House throws down gauntlet on wage discrimination

Lilly Ledbetter, flanked by Women's Congressional Caucus members, at the Rally for Pay Equity on July 17, 2008. (Photo/Clarissa Peterson, Leadership Conference on Civil Rights)
Lilly Ledbetter, flanked by Women's Congressional Caucus members, at the Rally for Pay Equity on July 17, 2008. (Photo/Clarissa Peterson, Leadership Conference on Civil Rights)
Score a victory for women and others who have long-suffered lower wages with only narrow legal remedies to fight for back pay.

Newly emboldened by Barack Obama’s decisive electoral victory, the U.S. House passed two wage discrimination bills by wide margins Friday sneaking in an end-run around an expected veto by outgoing President George W. Bush. Obama has signaled his enthusiastic support for the bills.

The Lilly Ledbetter Fair Pay Act of 2009 (H.R. 11) would reverse the rationale behind a controversial 2007 Supreme Court decision named for Lilly Ledbetter, a career employee of the Goodyear Tire & Rubber Co., who filed a suit alleging decades of gender-based wage discrimination.

Ledbetter’s claim became a rallying point for civil rights activists who argued that pay discrimination laws that require workers to file claims within 180 days of the first decision to pay that worker less, even if the pay disparity was unknown to the worker, are unfair.

The House bill allows the 180-day statute of limitations time clock to re-start when either the worker discovers the discrimination or every time a pay check is issued rather than when the employee was hired and offered a lower wage.

The companion bill, the Paycheck Fairness Act (H.R. 12), strengthens current equal pay laws by giving victims of gender-based pay discrimination the ability to recover monetary damages and closing employer loopholes that make it possible to avoid the landmark 1963 equal pay law that enables employers to justify paying women less than men if it can prove the disparity is based on experience, education or training and not sex. According to The Associated Press, “It also puts the burden on employers to prove that any disparities in wages are job-related and not sex-based, and bars employers from retaliating against workers who discuss or disclose salary information with their co-workers.”

As well, the government will be able to collect better data on wage discrimination to track problems. A problem noted by the Center for American Progress:

Women have made enormous advances toward economic equality, but gaps in income between men and women persist and only multiply over time, as the following numbers from Jessica Arons’ Center for American Progress Action Fund report, “Lifetime Losses: The Career Wage Gap” show. Passing these two bills is an important first step in addressing this problem.
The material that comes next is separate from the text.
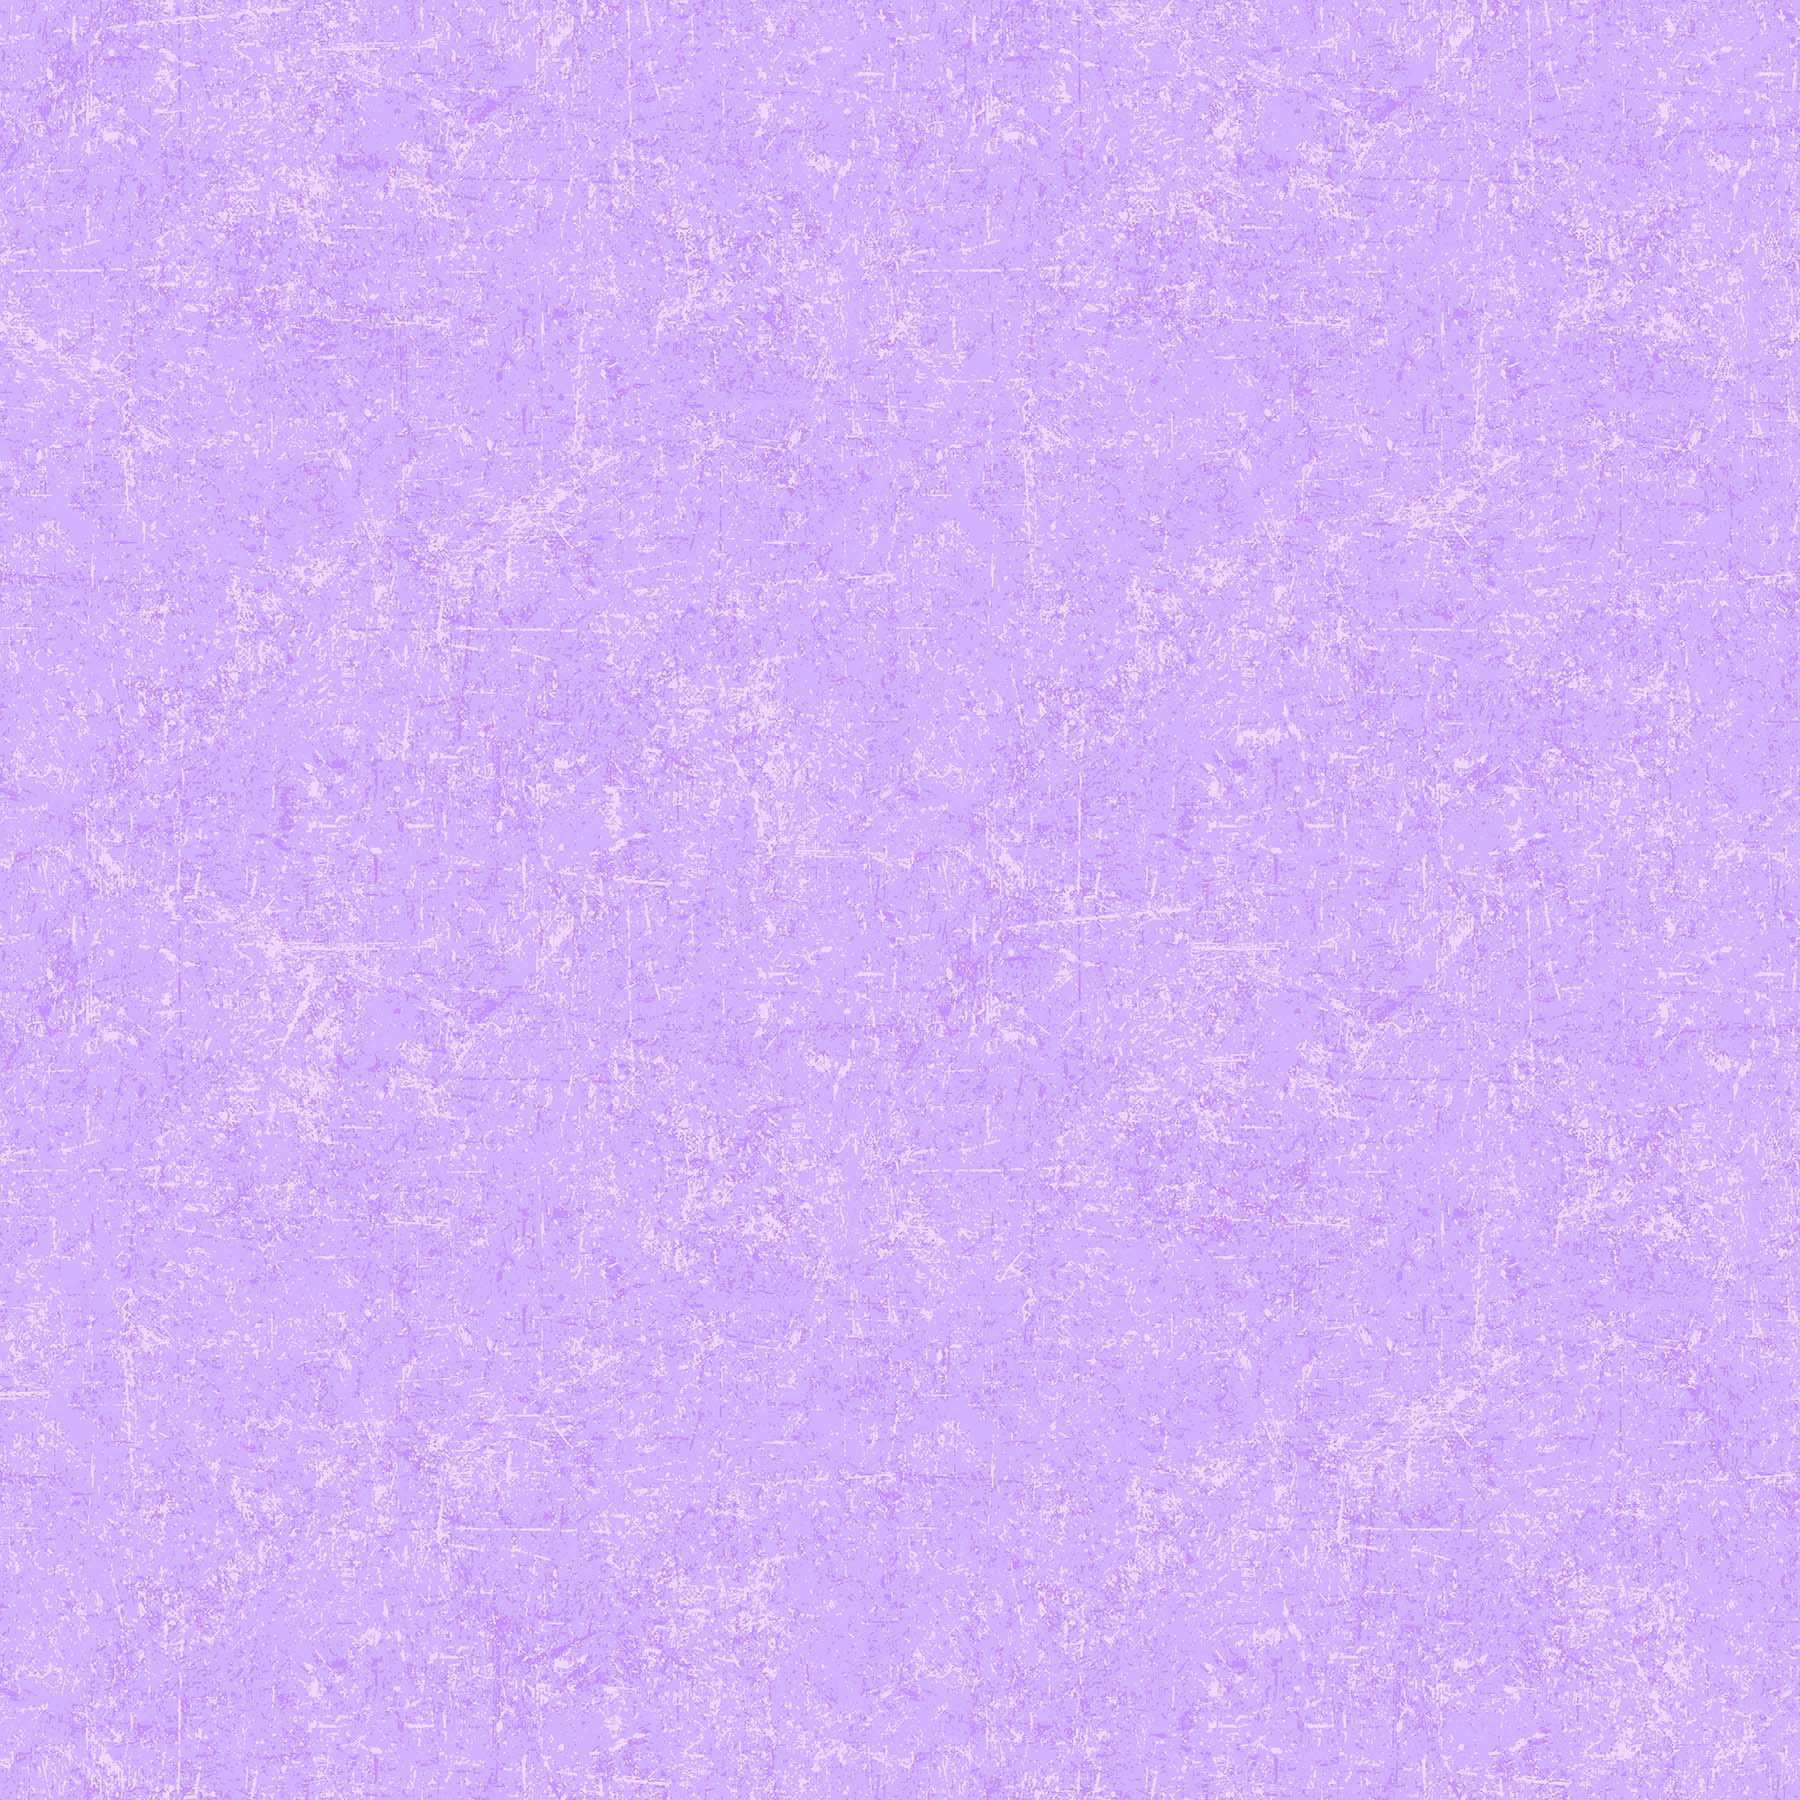 Glisten Sorbet Quilt Fabric - Blender in Berry Purple - P10091-83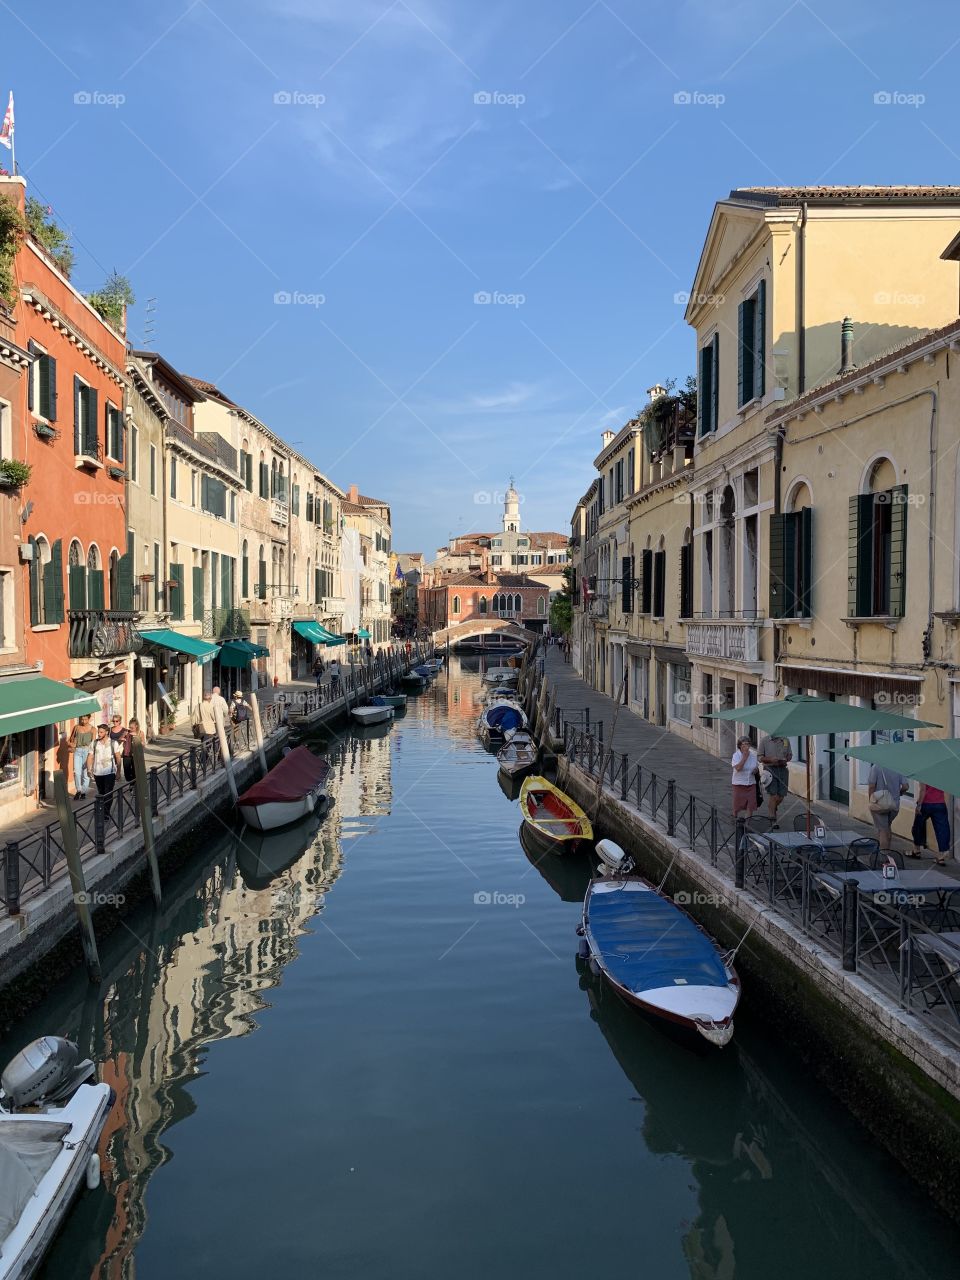 Venice Roads

$434,000: The median amount that a full-time female worker loses in wages over a 40-year period as a direct result of the gender pay gap, also known as the “career wage gap.”

78 cents: The amount that the average, full-time working woman makes for every $1 a man makes over a year.

Reps. Diana DeGette (D-Denver) and Jared Polis (D-Boulder) are the only members of the Colorado congressional delegation to co-sponsor the bills. The votes predictably split on party lines with Democratic Reps. Betsy Markey (D-Fort Collins), Ed Perlmutter (D-Golden) and John Salazar (D-Manassa) approving the bills and Republicans Mike Coffman (R-Aurora) and Doug Lamborn (R-Colorado Springs) opposing the measures.

DeGette lauded the passage of the bills. “The Lilly Ledbetter Fair Pay Act is a necessary measure to ensure the end of gender discrimination. This legislation is long overdue and I am pleased the 111th Congress will make this one of the first bills passed this session. The Paycheck Fairness Act will strengthen the Equal Pay Act and close loopholes that have allowed many employers to avoid responsibility for discriminatory pay.”

Freshman lawmaker Polis described the bills as an extension of the fight for civil rights: “This is not only about women’s right or workers’ rights—it is about human rights and human dignity. Discrimination is unacceptable. As we struggle to rebuild our economy, these bills will help ensure that hard-working Americans receive equal pay for their equal work and can support their families and local economies.”

The Republican Study Committee, an ultra-conservative issues group of which Coffman and Lamborn are members, emailed to the Colorado Independent — without comment — a copy of a Jan. 9 Wall Street Journal editorial blasting the bills as a “trial lawyers bonanza.”

Business groups oppose the bills on Republican ideological grounds as a boon to litigation and threat to the free market in determining wages.